The \(k-\epsilon \) closure was preferred compared to a traditional mixing-length model since it does not need an estimation of the mixing length as with, for instance, the analytical model of Belcher et al. (2003), although the results are qualitatively similar in terms of the mean velocity profile and Reynolds stress \(\overline{u'w'}\). Another advantage of the higher-order closure scheme is the possibility of estimating the Reynolds stress tensor beyond the shear stress \(\overline{u'w'}\) (which is already provided by the mixing-length closures). The k and \(\epsilon \) transport equations were here modified to account for the turbulence destruction caused by the forest, according to the suggestions of Silva Lopes et al. (2013). The values of the closure coefficients were the same as those used by Silva Lopes et al. (2013) in their comparison between RANS simulations and LES. Several non-linear RANS simulations were conducted for a full-forest configuration to assess the error due to the linearization of the RANS equations. The results demonstrated that the discrepancy increases as the \({\textit{LAI}}\) increases, although several quantities were less affected than others: for instance, the mean velocity and shear stress \(\overline{u'w'}\) were reasonably well estimated, while the turbulent kinetic energy and velocity variances were severely underestimated. A second-order correction to the linear approach was then developed to remedy the poor agreement in the TKE, but its magnitude was then too high and an empirical factor of two had to be introduced to attenuate the correction magnitude. Consequently, the use of the second-order correction is suggested only when the access to the velocity variances is desired, while the first-order approach (or the traditional mixing-length-based method) should be used if the mean velocity only is of interest.

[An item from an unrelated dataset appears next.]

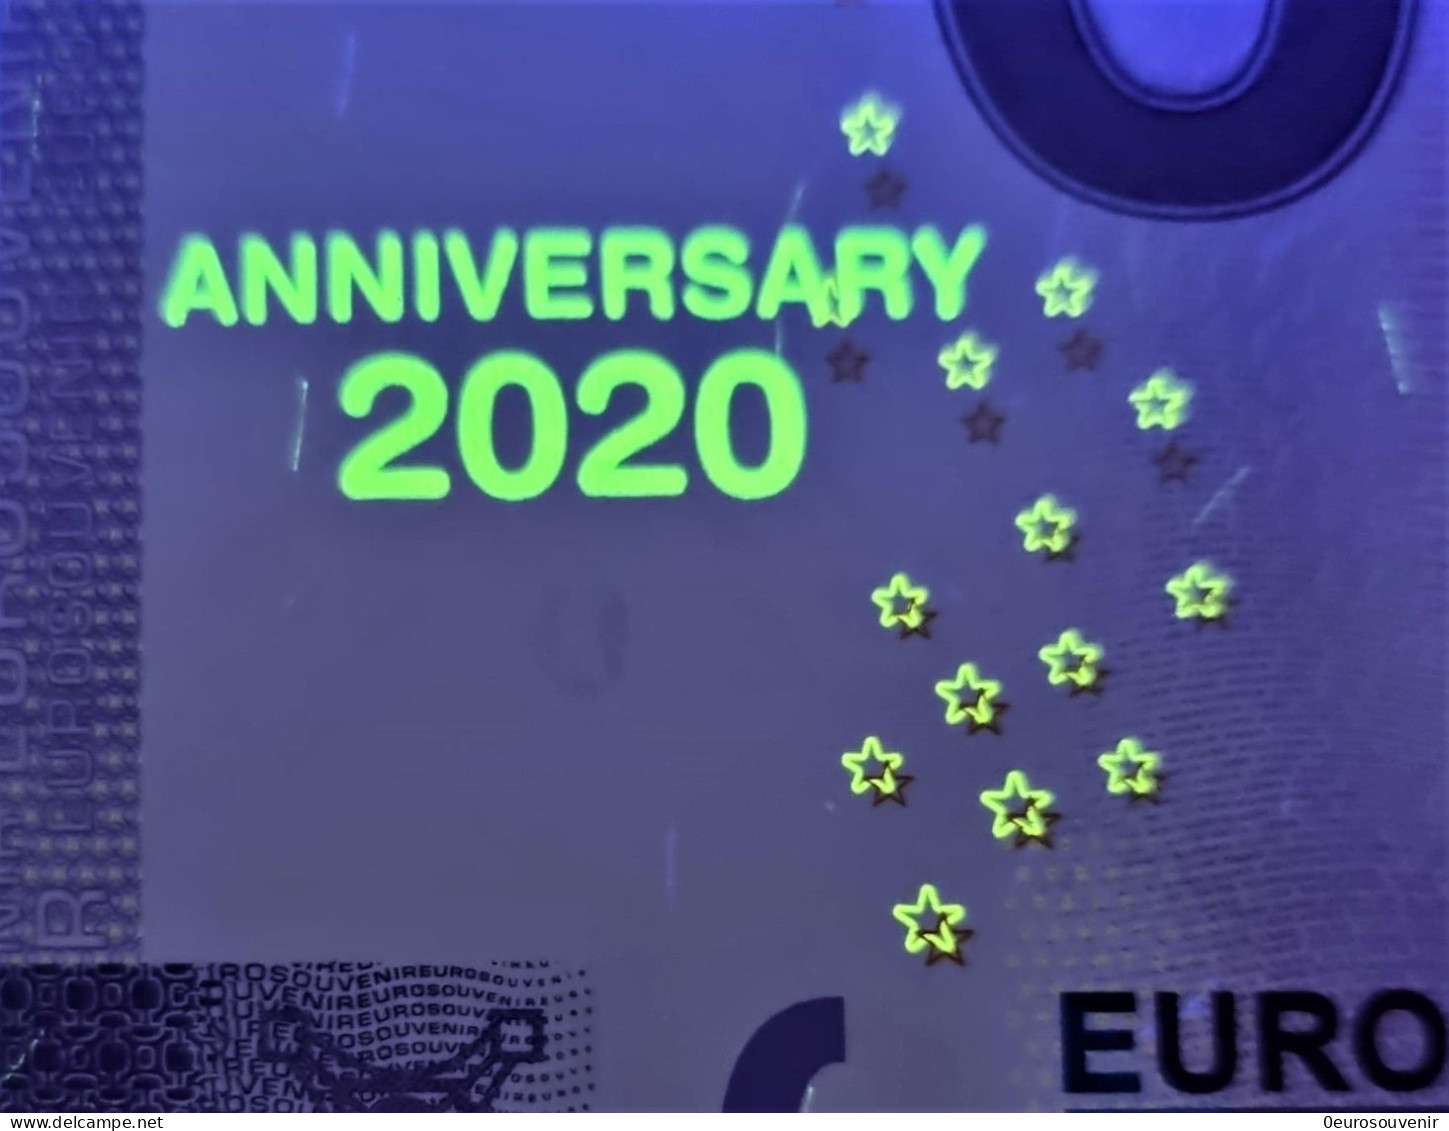 0-Euro XEGH 2020-2 HANSESTADT HATTINGEN / RUHR ALTES RATHAUS Set NORMAL+ANNIVERSARY - Private Proofs / Unofficial
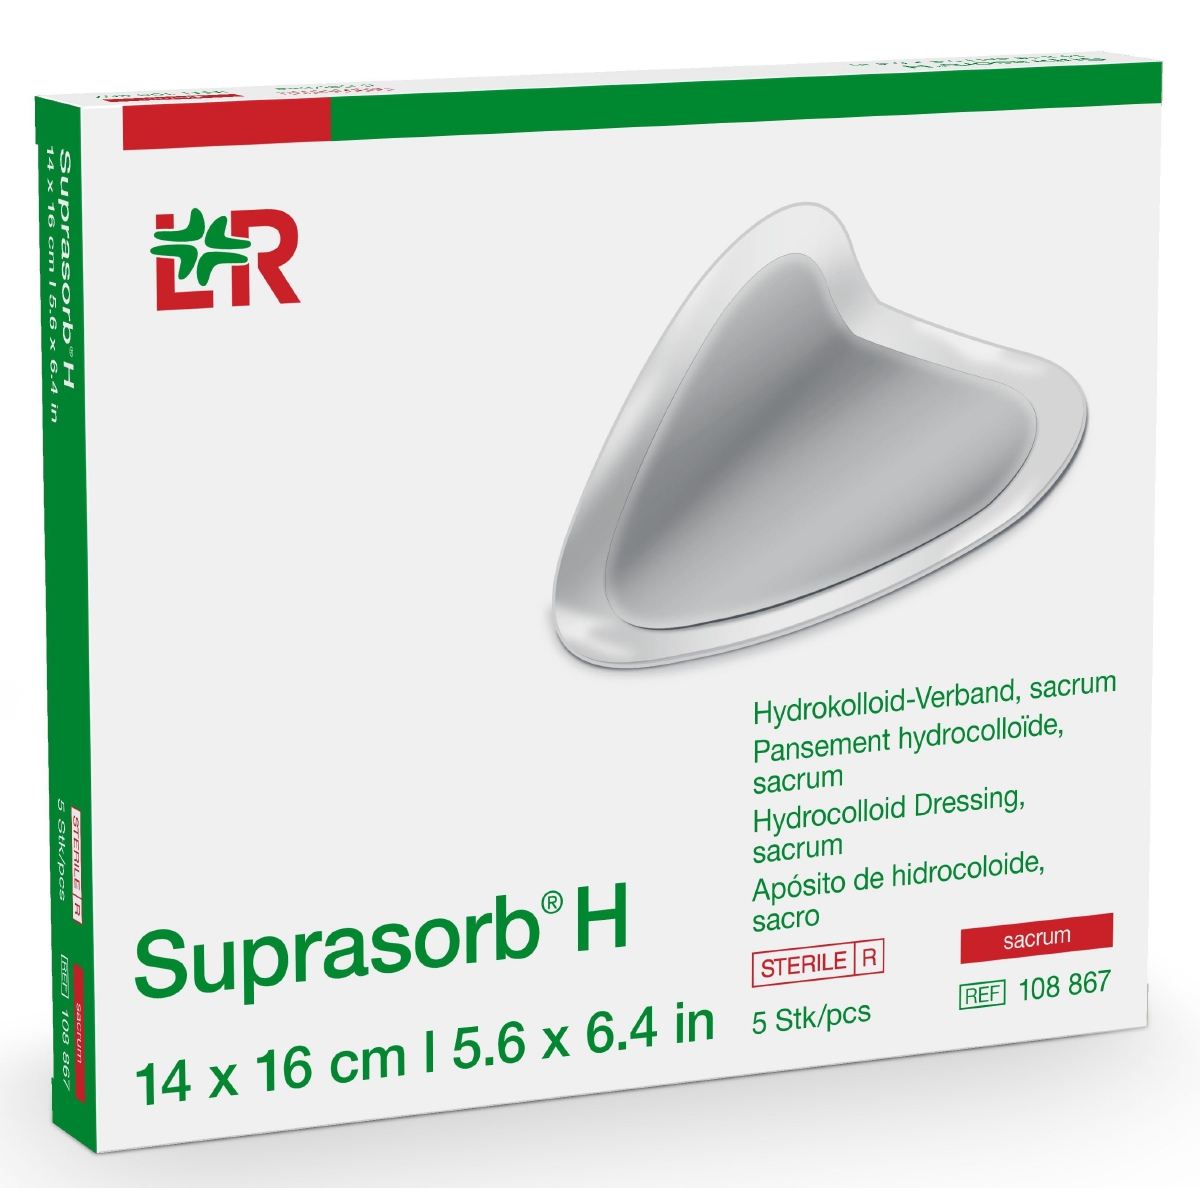 Suprasorb H Hydrokolloid-Verband steril sacrum 14x16cm 5 Stk

Several large-eddy simulations were performed for different clearing configurations by introducing a body force in the momentum transport equations to simulate the forest, without directly changing the subgrid-stress model (similar to Dupont and Brunet 2009). A comparison between the LES results and the proposed first-order linearized model for realistic forest configurations has shown that the latter was able to estimate the mean streamwise velocity component, U, the shear stress, \(\overline{u'w'}\) and the lateral normal stresses, \(\overline{{v'}^2}\) and \(\overline{{w'}^2}\), while it significantly overestimated the streamwise velocity variance, \(\overline{{u'}^2}\), and consequently the TKE. The proposed second-order correction improved the agreement between the modelled and simulated TKE and \(\overline{{u'}^2}\), although the introduction of the empirical factor of two makes the correction less trustworthy. Nevertheless, even the first-order approach improved existing simplified methodologies to assess forest effects with and without clearings, providing a leading-order analysis of the canopy flow. It is unclear if the inclusion of higher-order terms in the expansion could improve the comparison, although it is expected to be beneficial since the fully non-linear RANS results showed a better agreement with the TKE calculated from LES. Since U and \(\overline{u'w'}\) agree reasonably well, the role of the different closure methods (between RANS and LES) is marginal as most of the discrepancies arise from the linearization. The factor of two introduced for the second-order correction suggests that a higher-order correction should probably be pursued to properly account for the non-linearity, but this might not be worthwhile. Nevertheless, the first-order model remains a useful tool for weak and dense canopies (the latter necessitates the use of the second-order correction), but it could also be a feasible approach to simulate wind farms as the equivalent \({\textit{LAI}}\) is much smaller there.